» What you are asked to do
Your task is to write out the entire listing exactly, omitting its pictures.

» Raw data
+===+

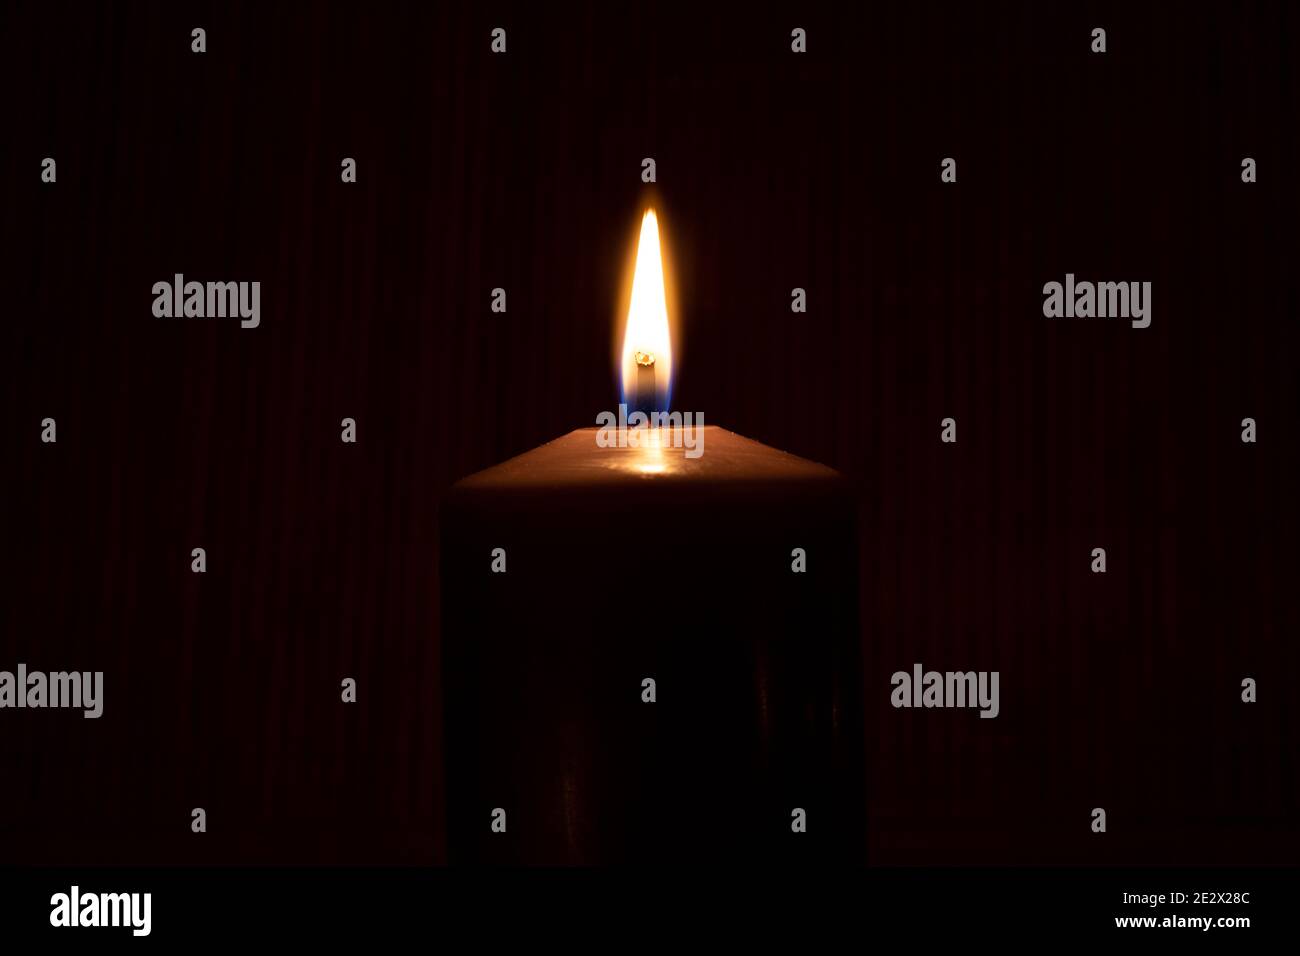 Close-Up Of Illuminated Candle Against Black Background Stock Photo
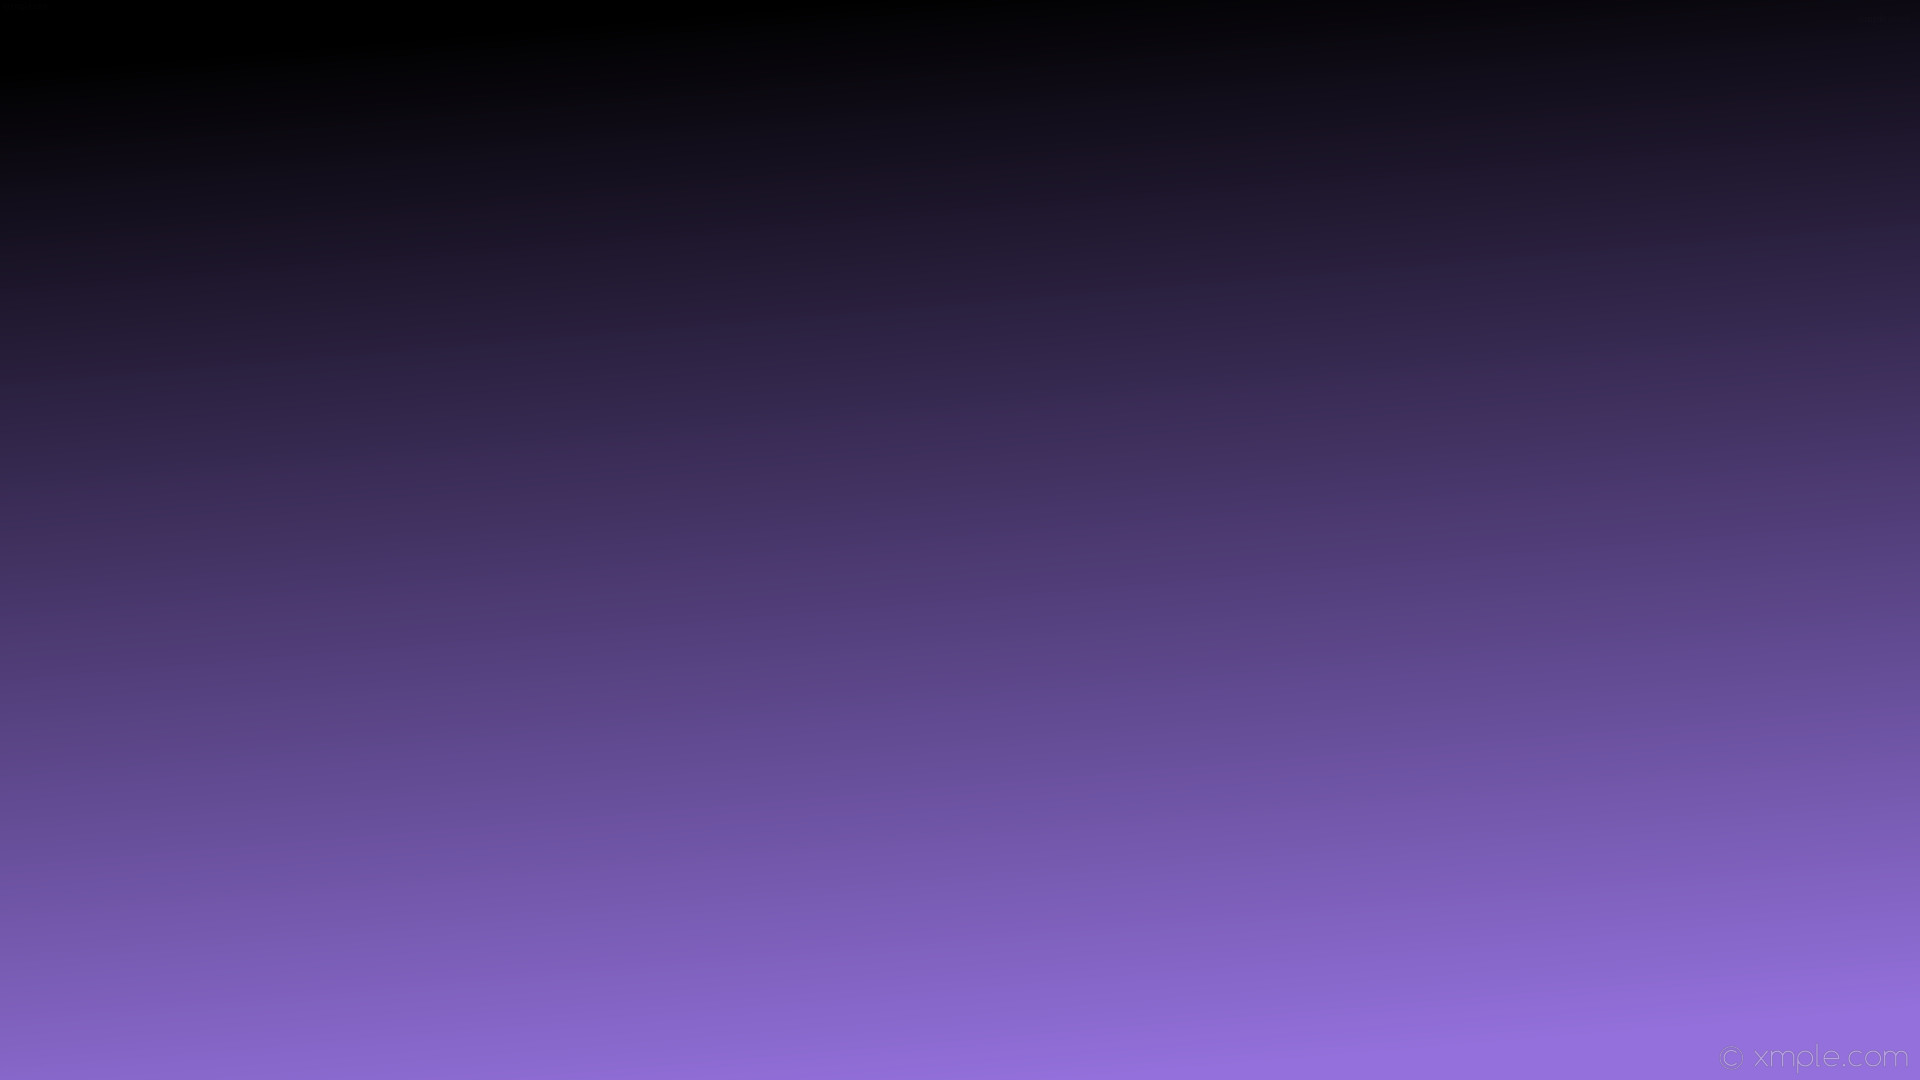 1920x1080 wallpaper black purple gradient linear medium purple #000000 #9370db 105Â°
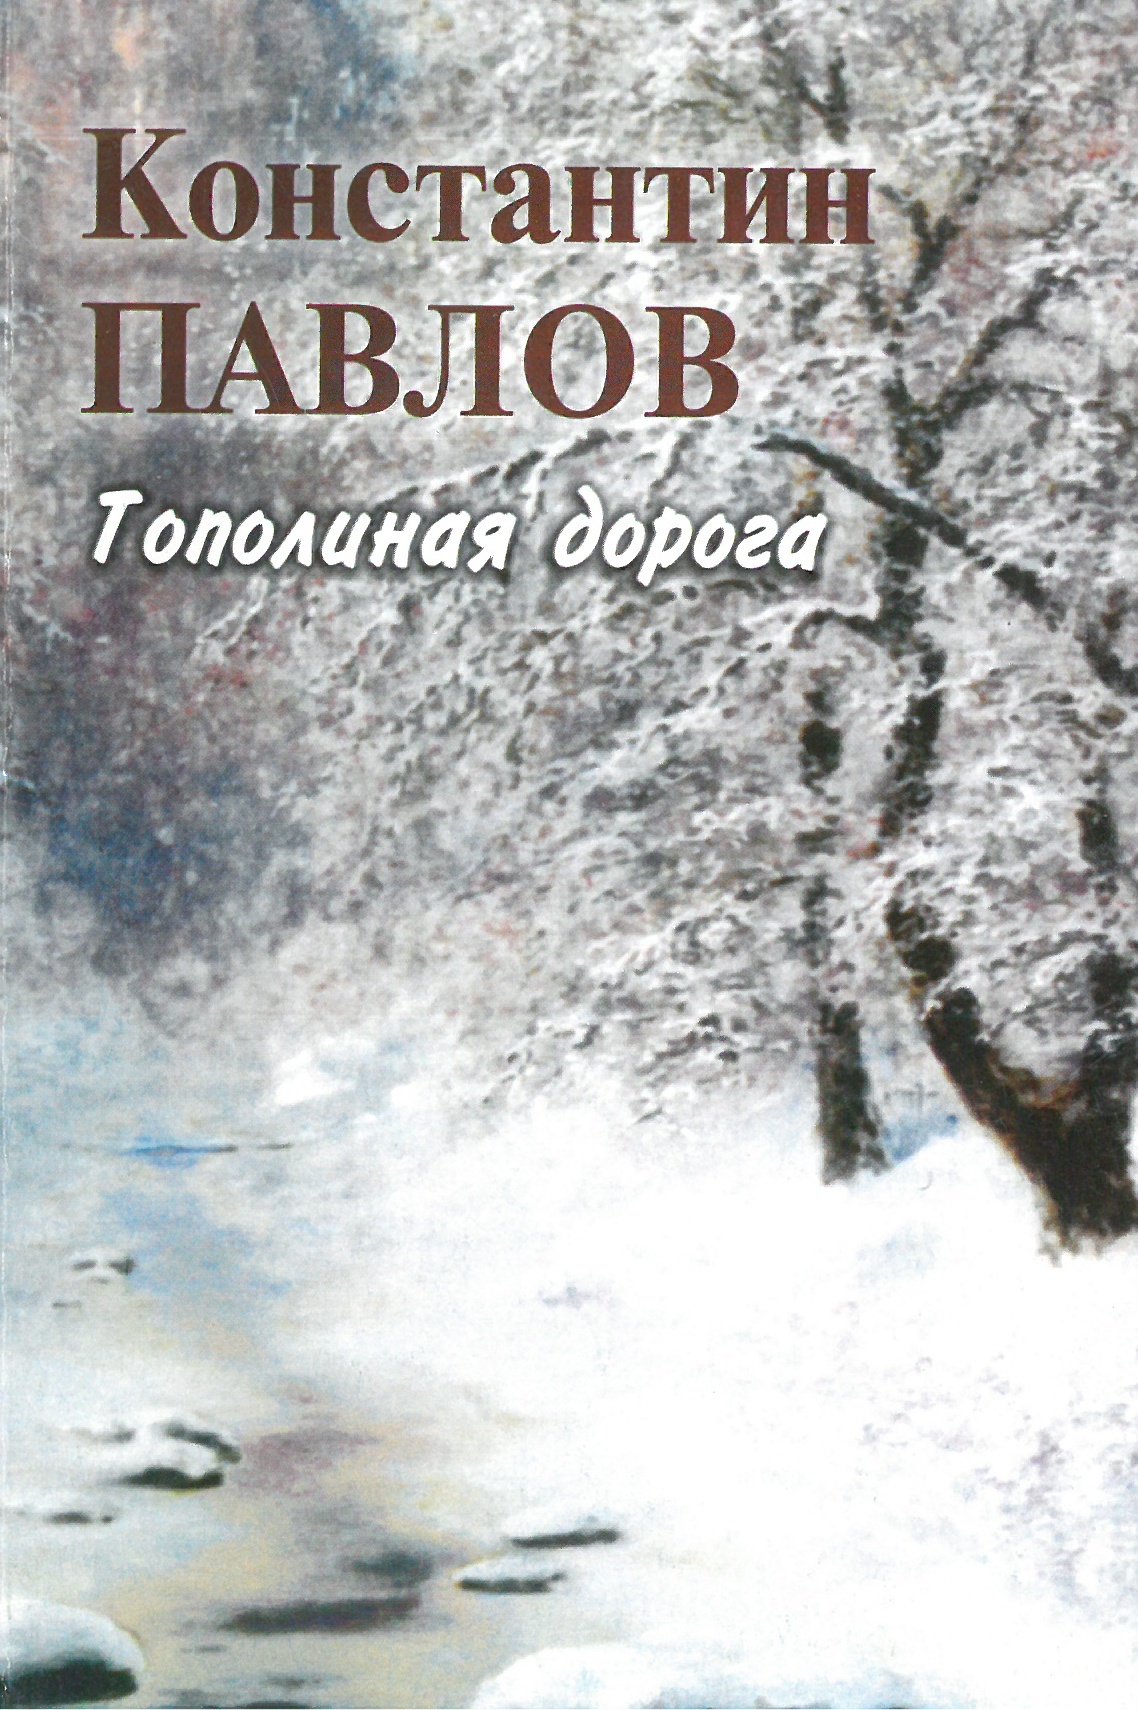 Константин Павлов - Сборник стихов Тополиная дорога (2005 год)

+===+

» Answer section
 Close-Up Of Illuminated Candle Against Black Background Stock Photo
 1920x1080 wallpaper black purple gradient linear medium purple #000000 #9370db 105Â°
 Константин Павлов - Сборник стихов Тополиная дорога (2005 год)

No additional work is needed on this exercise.